Please reproduce the data exactly, though every picture must stay out.

┌─ Supplied material

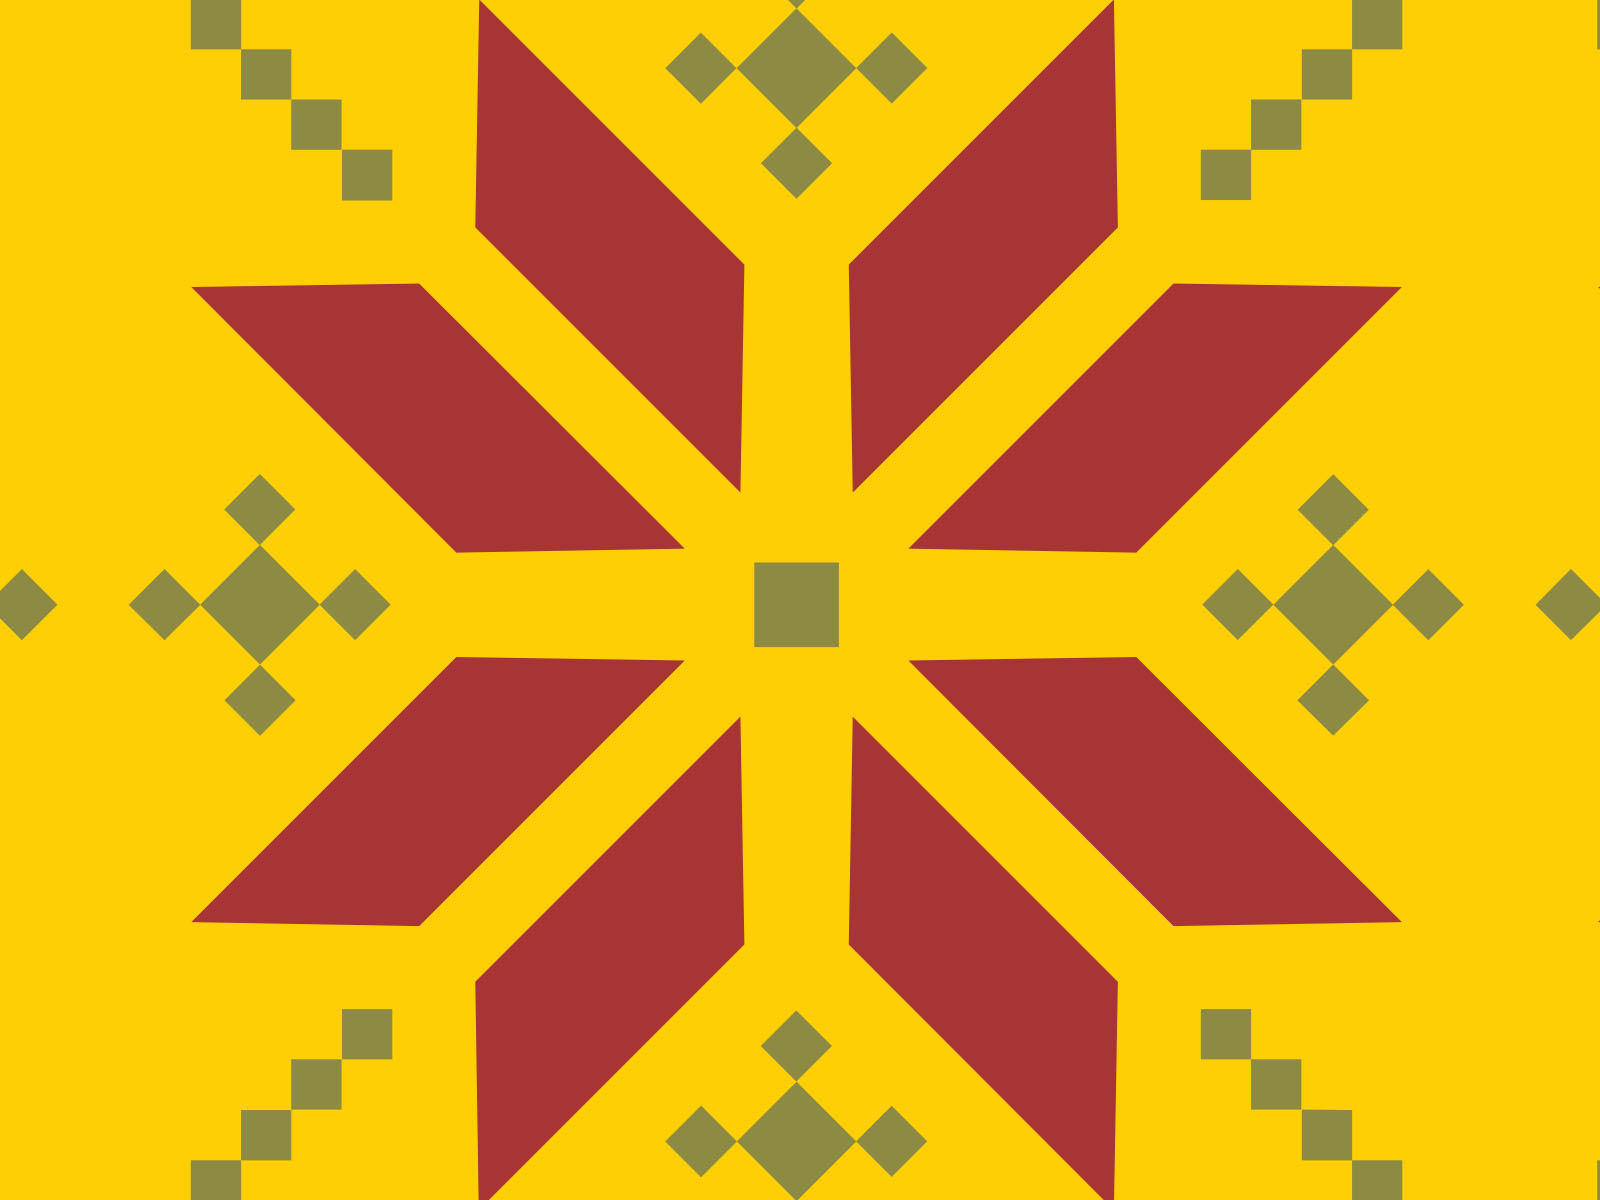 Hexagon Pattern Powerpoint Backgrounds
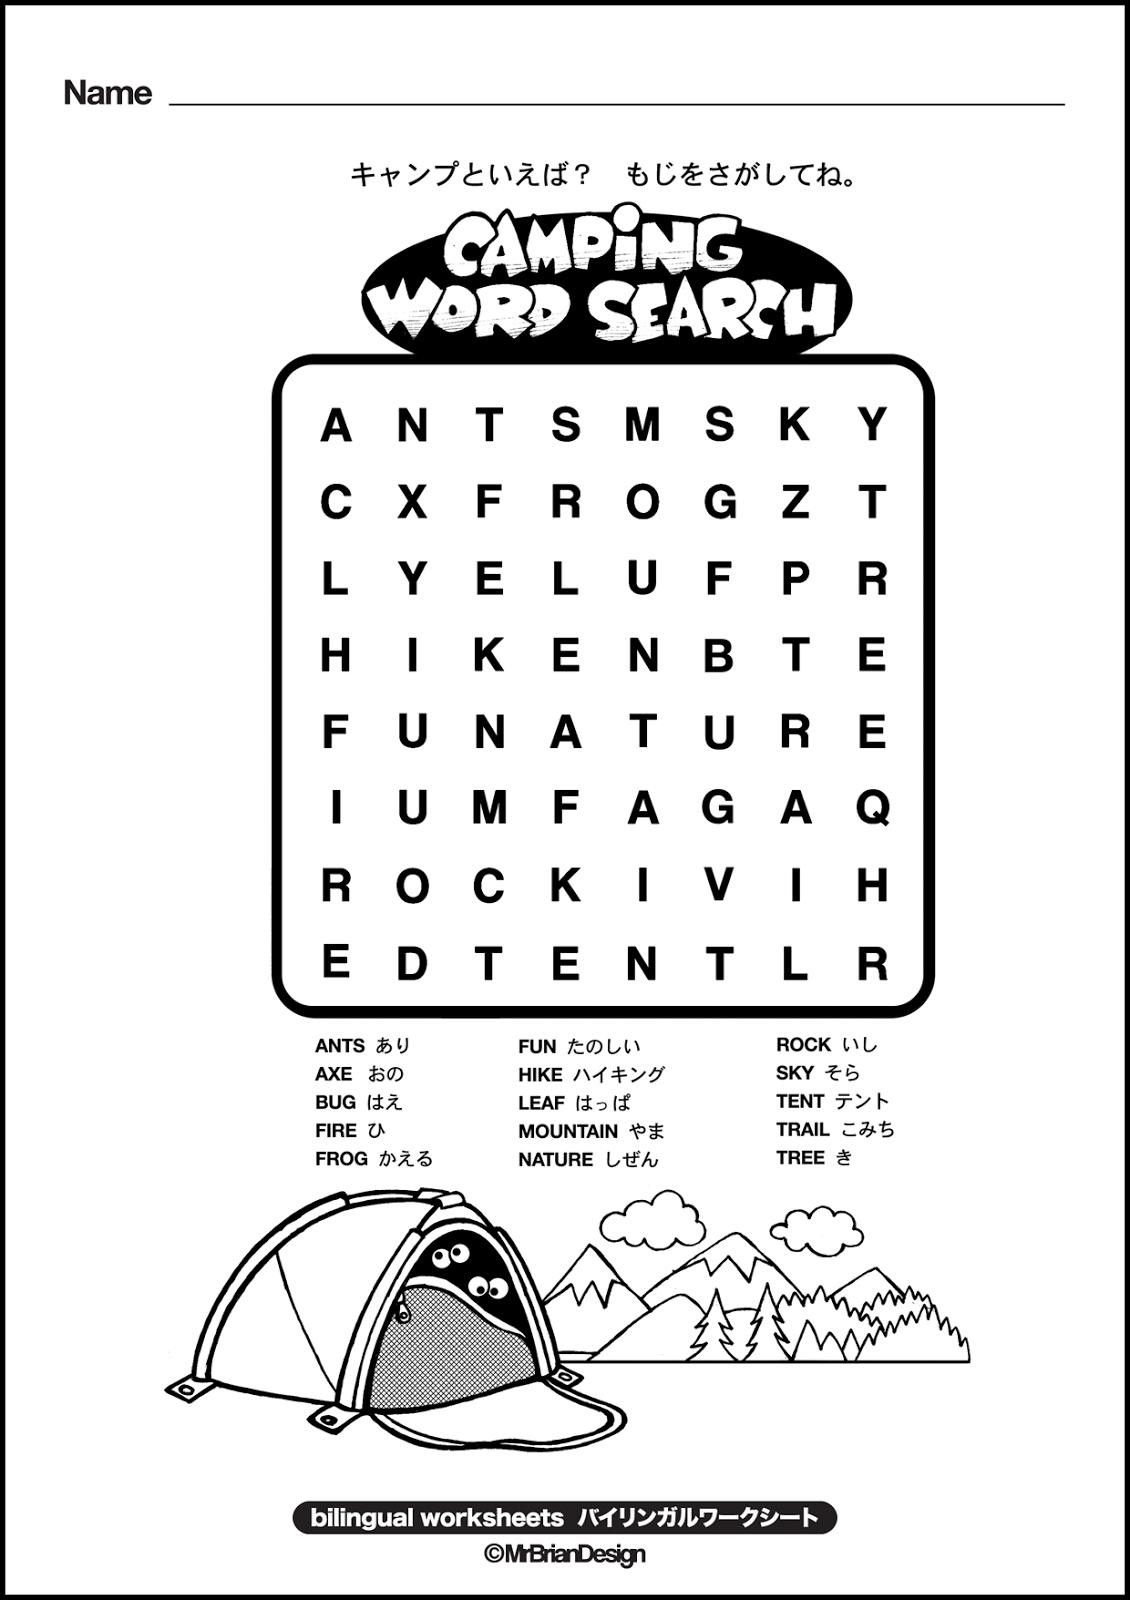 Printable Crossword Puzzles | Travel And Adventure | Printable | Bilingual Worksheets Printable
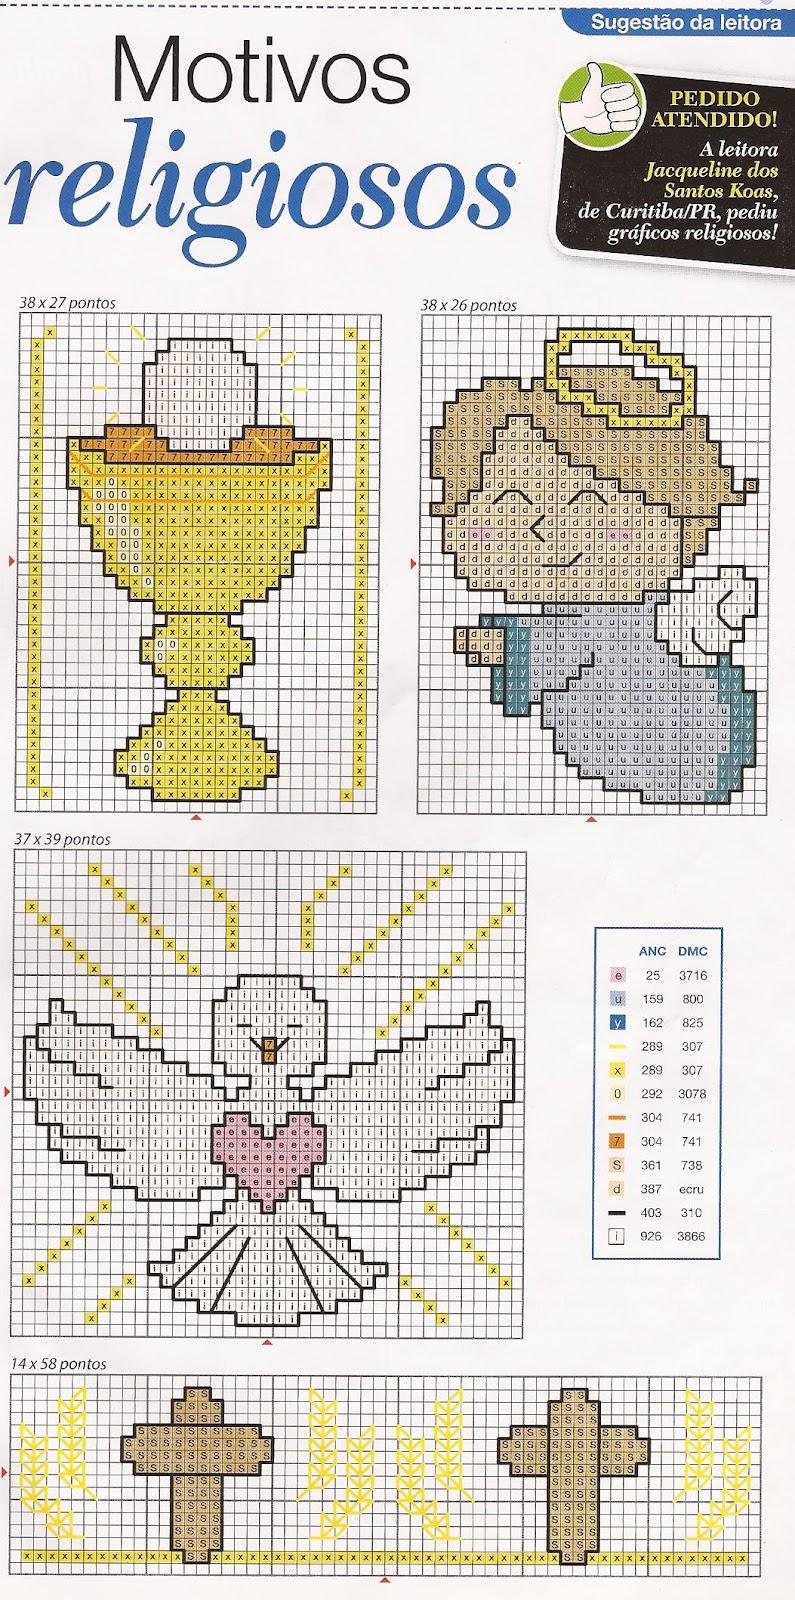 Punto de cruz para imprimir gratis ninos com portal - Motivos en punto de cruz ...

└─

Exercise response:
 Hexagon Pattern Powerpoint Backgrounds
 Printable Crossword Puzzles | Travel And Adventure | Printable | Bilingual Worksheets Printable
 Punto de cruz para imprimir gratis ninos com portal - Motivos en punto de cruz ...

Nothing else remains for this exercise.